2. Case Presentation
An 80-year-old man with some paroxysms of transient neurologic deficits, including slurred speech, right upper limb weakness, and numbness with possible face and leg sparing, referred to our outpatient clinic. It was difficult for him to describe the paroxysms. The episodes lasted for 10 - 15 minutes and had occurred at least 2 - 3 times a day during the last two days with no loss of consciousness or headaches. He had no vascular risk factors except for age and no history of taking antiplatelet or anticoagulation agents. During the last year, he was suffering from progressive memory loss, for which he was taking donepezil (generic) 10 milligrams daily. Given his episodic memory impairment, it was difficult for him to provide a reliable history and describe the attacks; therefore, his son, who had also witness the attacks, were also asked about his history. He reported no involuntary movement or abnormal posture during the attacks. He captured a video from one of such attacks, presenting only slurred speech, difficulty in moving the right hand, and numbness.
The vital signs were normal during the examination the next day, and the general physical examination was normal as well. Neurological examination revealed no remarkable point except for the MMSE score (= 23). Furthermore, routine laboratory tests, including complete blood count, metabolic panel, electrolytes, and coagulation panel, were normal. The standard awake electroencephalogram was normal. The non-enhanced brain computed tomography (CT) scan showed an area of poorly-defined and fine hyperdensity in the sulci of the left frontal cortical region in agreement with convexity subarachnoid hemorrhage (cSAH) and a predominantly diffused cerebral cortical atrophy in bilateral temporal lobes (Figure 1). Brain magnetic resonance imaging (MRI) showed linear regions of blooming artifacts in accordance withblood products at the subarachnoid space of the left high frontal region on susceptibility-weighted image (SWI) sequences and hyperintense signals in the same region on fluid-attenuated inversion recovery (FLAIR) sequences (Figures 2 and 3). The gadolinium-enhanced T1 image presented no abnormal enhancement, and no restriction on the diffusion weighted images of MRI was noticed. The brain and cervical magnetic resonance angiographies were normal. To control the attacks, which had made the patient and his family distressed and worried, oral carbamazepine (generic) 200 mg/day was started and partially controlled them. The attacks stopped completely by a gradual increase of dosage up to 400 mg/day in the following week.

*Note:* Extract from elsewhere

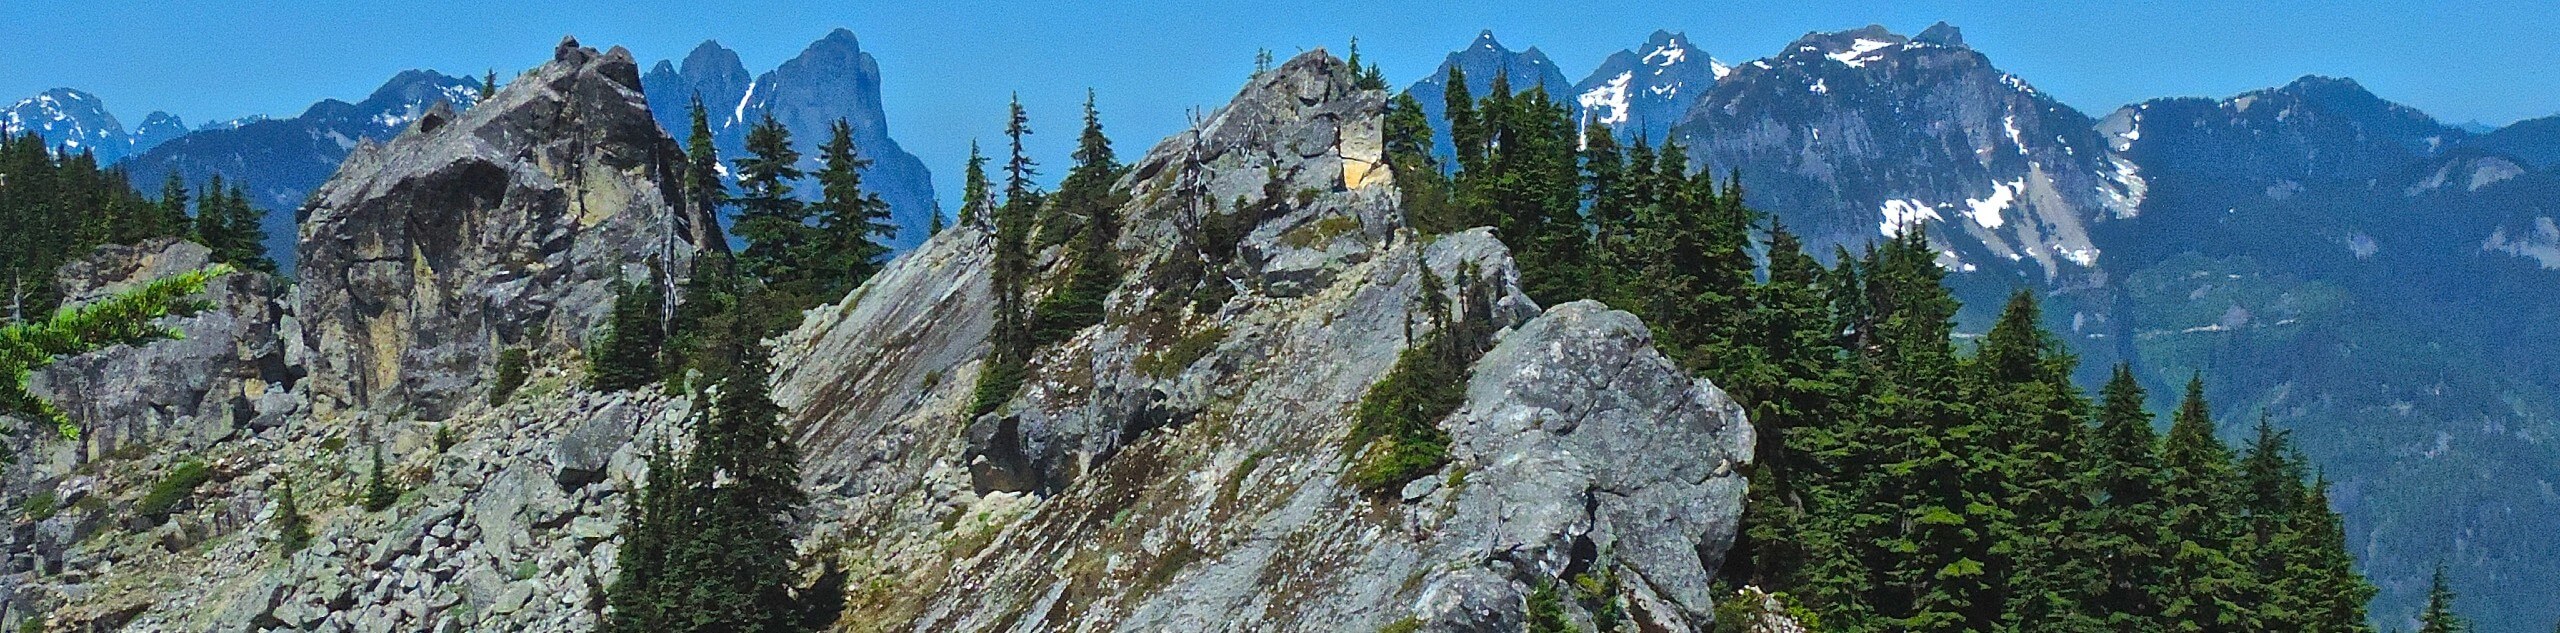 Beckler Peak Hike

Non-enhanced computer tomography of the brain shows subtle SAH at the high left frontal convexity region (white arrow).
Brain MRI (susceptibility-weighted image sequence) shows linear blooming artifact (white arrow) in accordance with blood products in the subarachnoid spaces of the high left frontal convexity region.

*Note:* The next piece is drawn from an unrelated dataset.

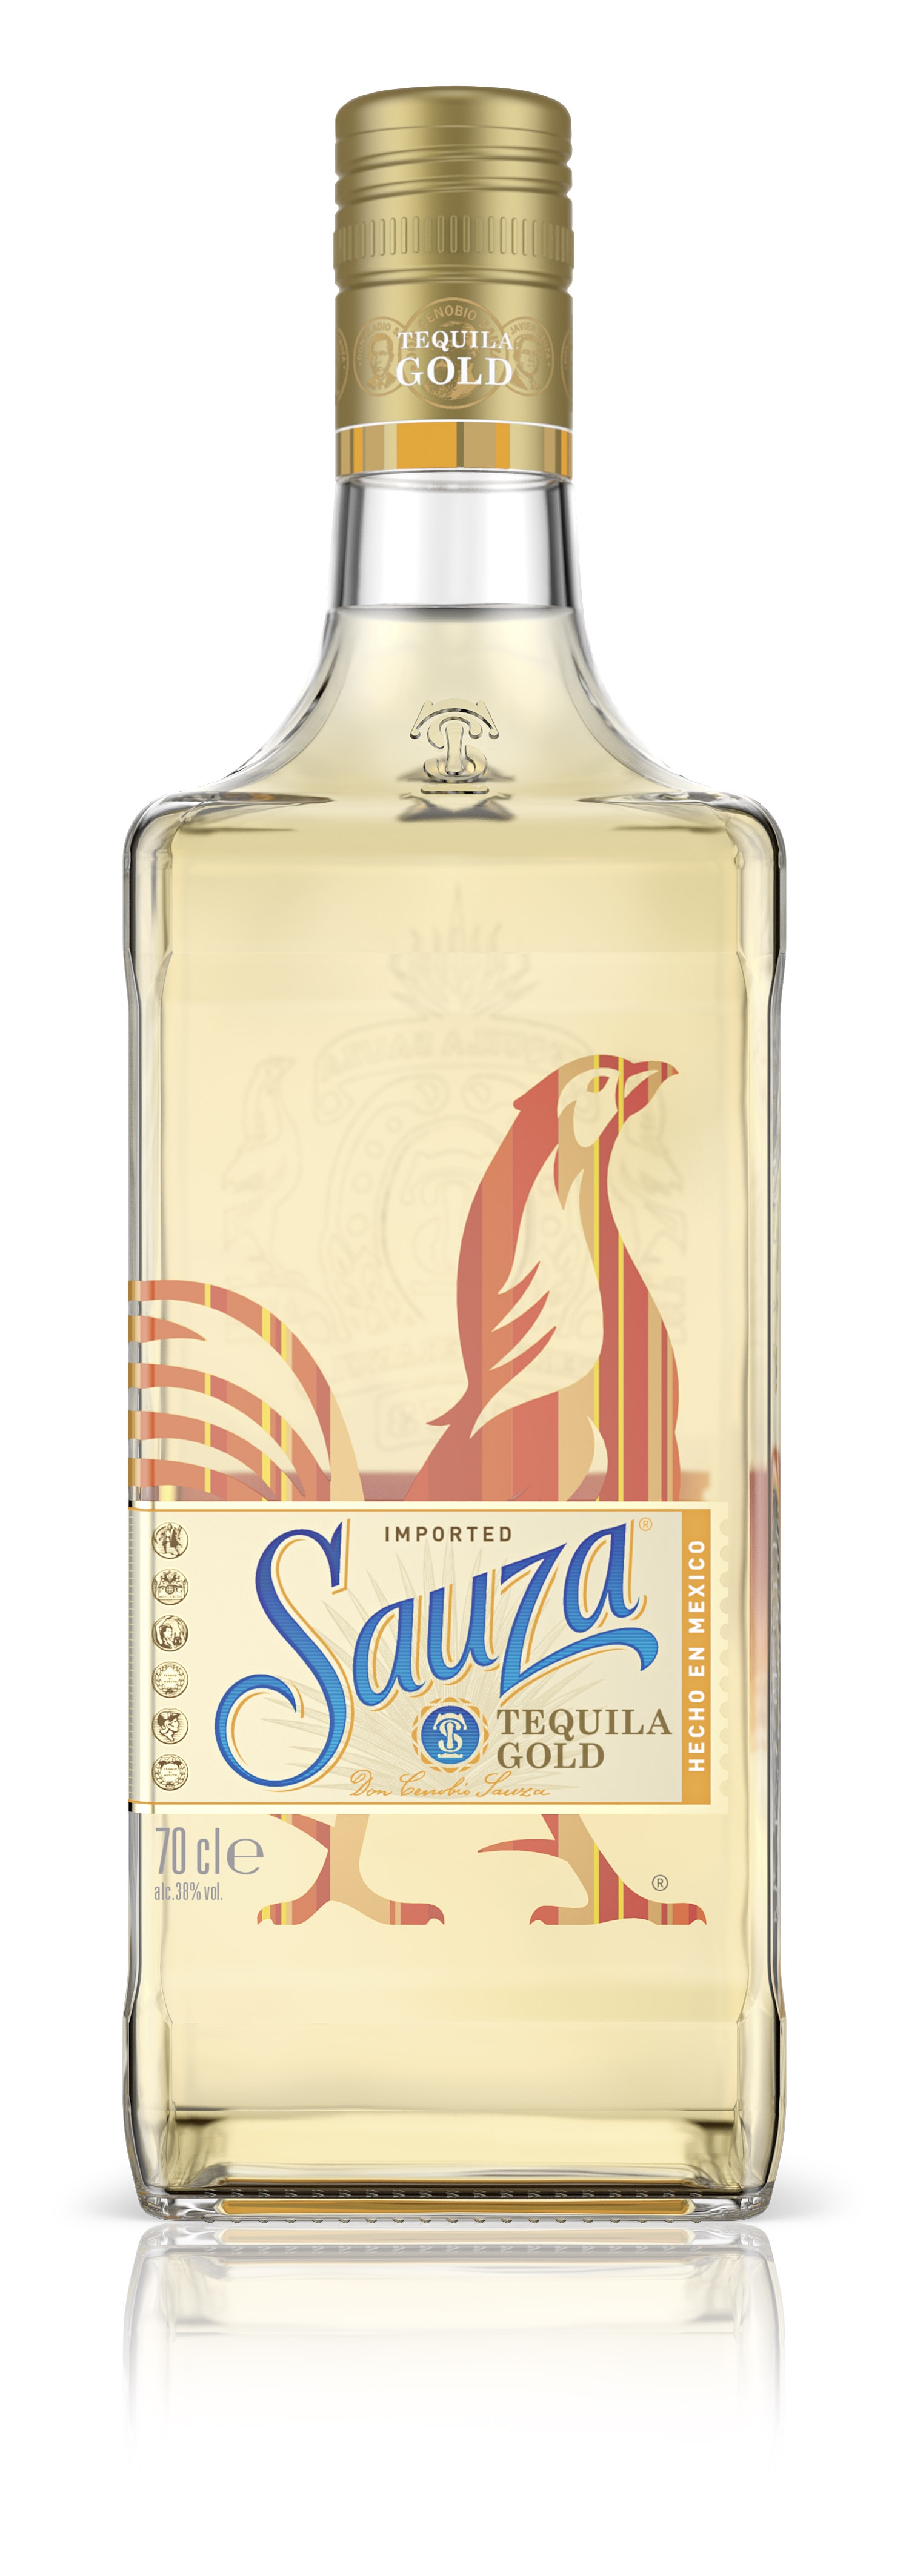 Tequila Gold der Marke Sauza 38% 0,7l Flasche

Brain MRI (FLAIR sequence) parasagittal plane image shows hyperintensity in the subarachnoid spaces of the high left frontal convexity region in agreement withhemorrhage (white arrow).
3. Discussion
Cerebral amyloid angiopathy (CAA) is a small vessel disease of the brain in which beta-amyloid deposits in the small cortical and leptomeningeal arterioles. Cerebral amyloid angiopathy is a relatively common neuropathological abnormality and the etiology of lobar cerebral parenchymal hemorrhage and cognitive decline in the elderly (1). The clinical manifestations form a spectrum, including lobar intracerebral hemorrhage (ICH), transient focal neurologic episodes (TFNEs), also known as amyloid spells, cognitive impairment, and seizures (2, 3). Moreover, the neuroimaging features include lobar microbleeds on MRI, white matter hyperintensities, enlarged perivascular space in centrum semiovale, leukoencephalopathy, and cerebral atrophy (nonspecific finding due tochronic small vessel ischemia caused bybeta-amyloid deposition) (4-6). Other relevant imaging features are cortical superficial siderosis (CSS) on MRI and cSAH (7). Nontraumatic acute cSAH is limited to the subarachnoid space over the brain's cortical hemispheric convexities and does not involve cerebral parenchyma and ventricles. Different factors affect the emergence of cSAH. In a study on 742 cases, the most common factors leading to cSAH were as follows: CAA (39%), reversible cerebral vasoconstriction syndrome (RCVS) (17%), cerebral venous sinus thrombosis (10%), large-vessel stenotic atherosclerosis (10%), and posterior reversible encephalopathy syndrome (5%). In this study, CAA and RCVS were the leading causes of cSAH in elderly patients aged above and below 60 years, respectively (6).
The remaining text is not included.